Community
    • Login

    Need help with adding </i> to the end of multiple different strings.

    Scheduled Pinned Locked Moved Help wanted · · · – – – · · ·
    17 Posts 5 Posters 929 Views
    Loading More Posts
    • Oldest to Newest
    • Newest to Oldest
    • Most Votes
    Reply
    • Reply as topic
    Log in to reply
    This topic has been deleted. Only users with topic management privileges can see it.
    • PeterJonesP
      PeterJones @Hank K
      last edited by PeterJones

      @Hank-K,

      467
      00:44:43,929 --> 00:44:47,306
      MAXIM: <i>Hey, do you speak any Russian?
      CURNOW: <i>No.
      
      470
      00:44:51,687 --> 00:44:56,023
      FLOYD: <i>Hey, Curnow, have you heard the one
      about the marathon runner and the chicken?
      

      The problem is trying to distinguish the “MAXIM” line, where you want it to end after the first line, compared to the “FLOYD” line, where you want the <i>...</i> to span to the end of the block of text. Without more knowledge of your edge cases, it’s likely to fail. For example, if the rule was “</i> goes on the same line if the next line starts with a capital”, then I could come up with the exception:

      470
      00:44:51,687 --> 00:44:56,023
      FLOYD: <i>Hey, Curnow, have you heard that
      George is angry?
      

      … where the next line starts with a capital, but it’s obviously (to a human) not the end of the text that needs </i>

      If your rule is “</i> goes on the same line if the next line starts with ALL CAPS, possibly with hyphen-then-space prefix”, then I would have to ask whether there is ever ANY ALLCAPS SHOUTING in these subtitles? Because if there is SHOUTING, then there CAN BE a circumstance where it makes it match the regex even though it should be a multiline italics rather than single line.

      My guess is that for most rules you come up with, I could probably come up with a practical situation in which the natural subtitles will look like they match your rule, but don’t actually match the intent of the rule.

      Hank KH 1 Reply Last reply Reply Quote 0
      • PeterJonesP
        PeterJones @Hank K
        last edited by

        @Hank-K ,

        … however, I think this comes pretty close to what you’ll want.

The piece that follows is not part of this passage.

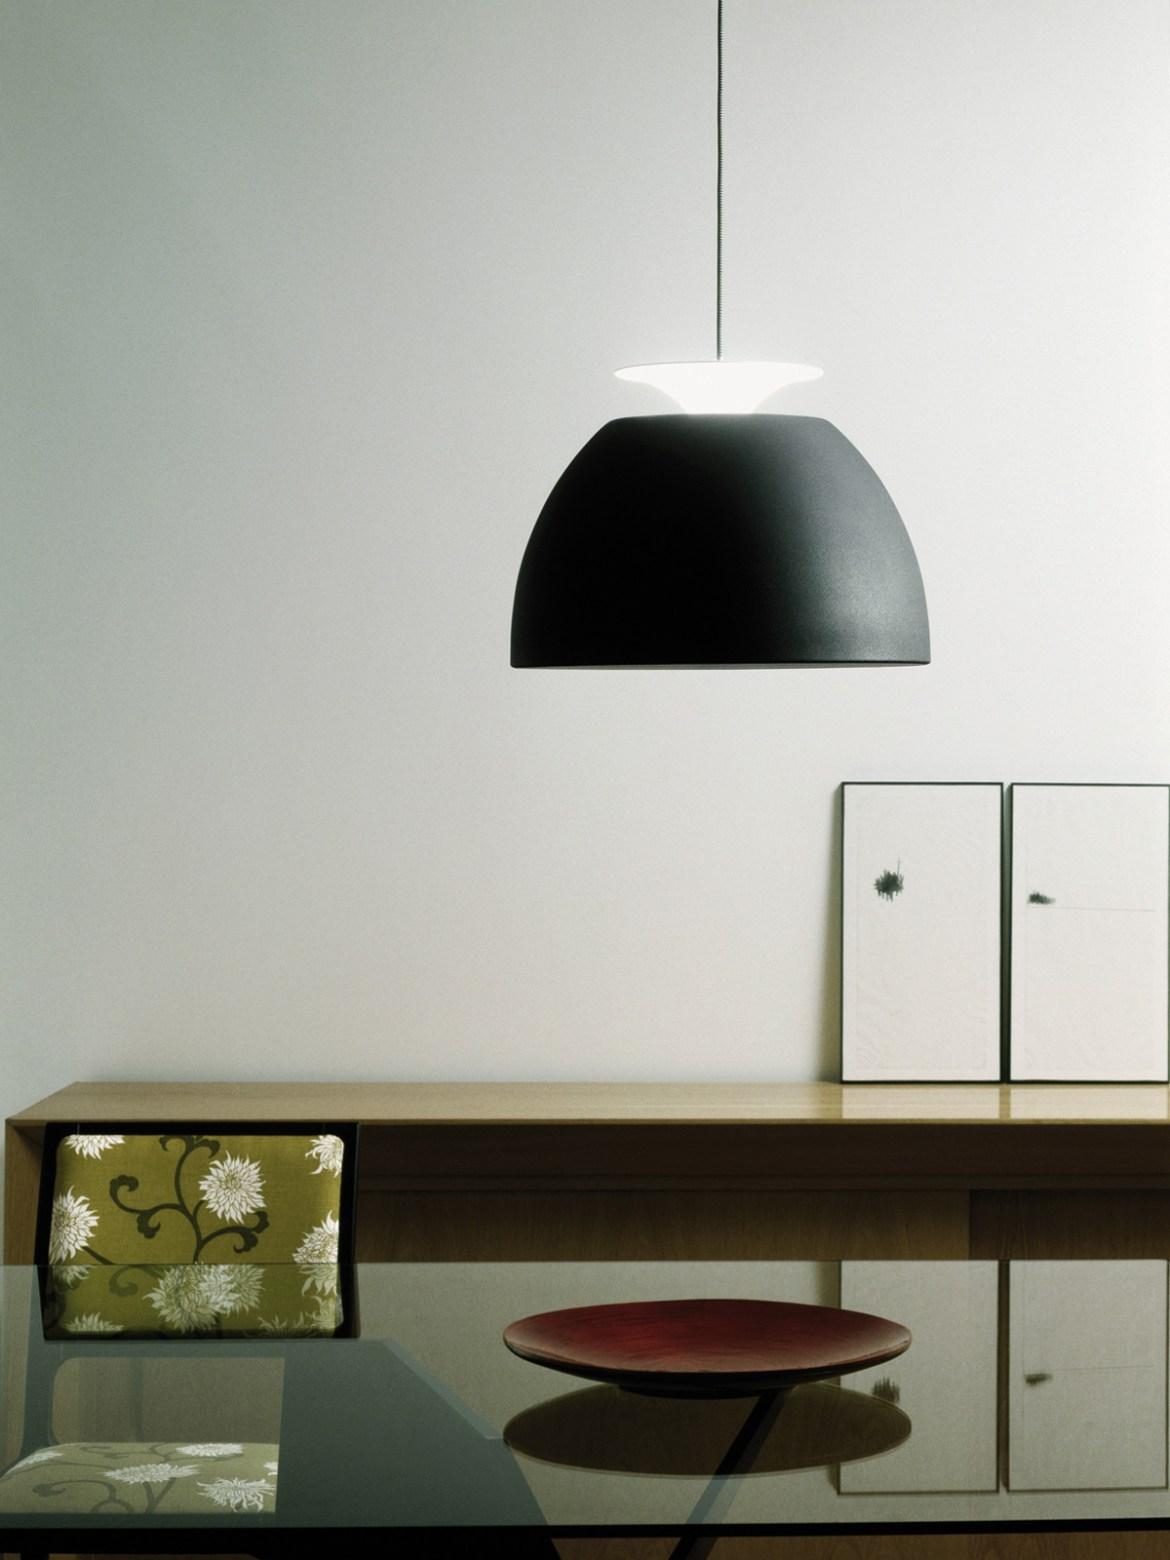 DesignOrt Blog: Designerleuchten in Schwarz-Weiß Bossa Designerleuchte Lumini

        FIND = (?-is)<i>.*$(\R^(?!- )(?!\u+:).+)*
        REPLACE = `$0</i>

        Essentially, I started with “match from <i> to the end of the line”, which was easy. Then I added on "and zero or more subsequent lines if there is any text = (\R.+)* , which then got multi-line paragraphs of speech, but also grabbed too much. Then I added in “but the extra line cannot start with hyphen-space” using (?!- ) (which is a “negative lookahead” saying that it cannot match what’s inside that group), so it stopped capturing those; and then I added “and the extra line cannot start with ALLCAPS-then-colon” with (?!\u+:) .

        That comes up with the same answer that you said you wanted, so I think it’s good.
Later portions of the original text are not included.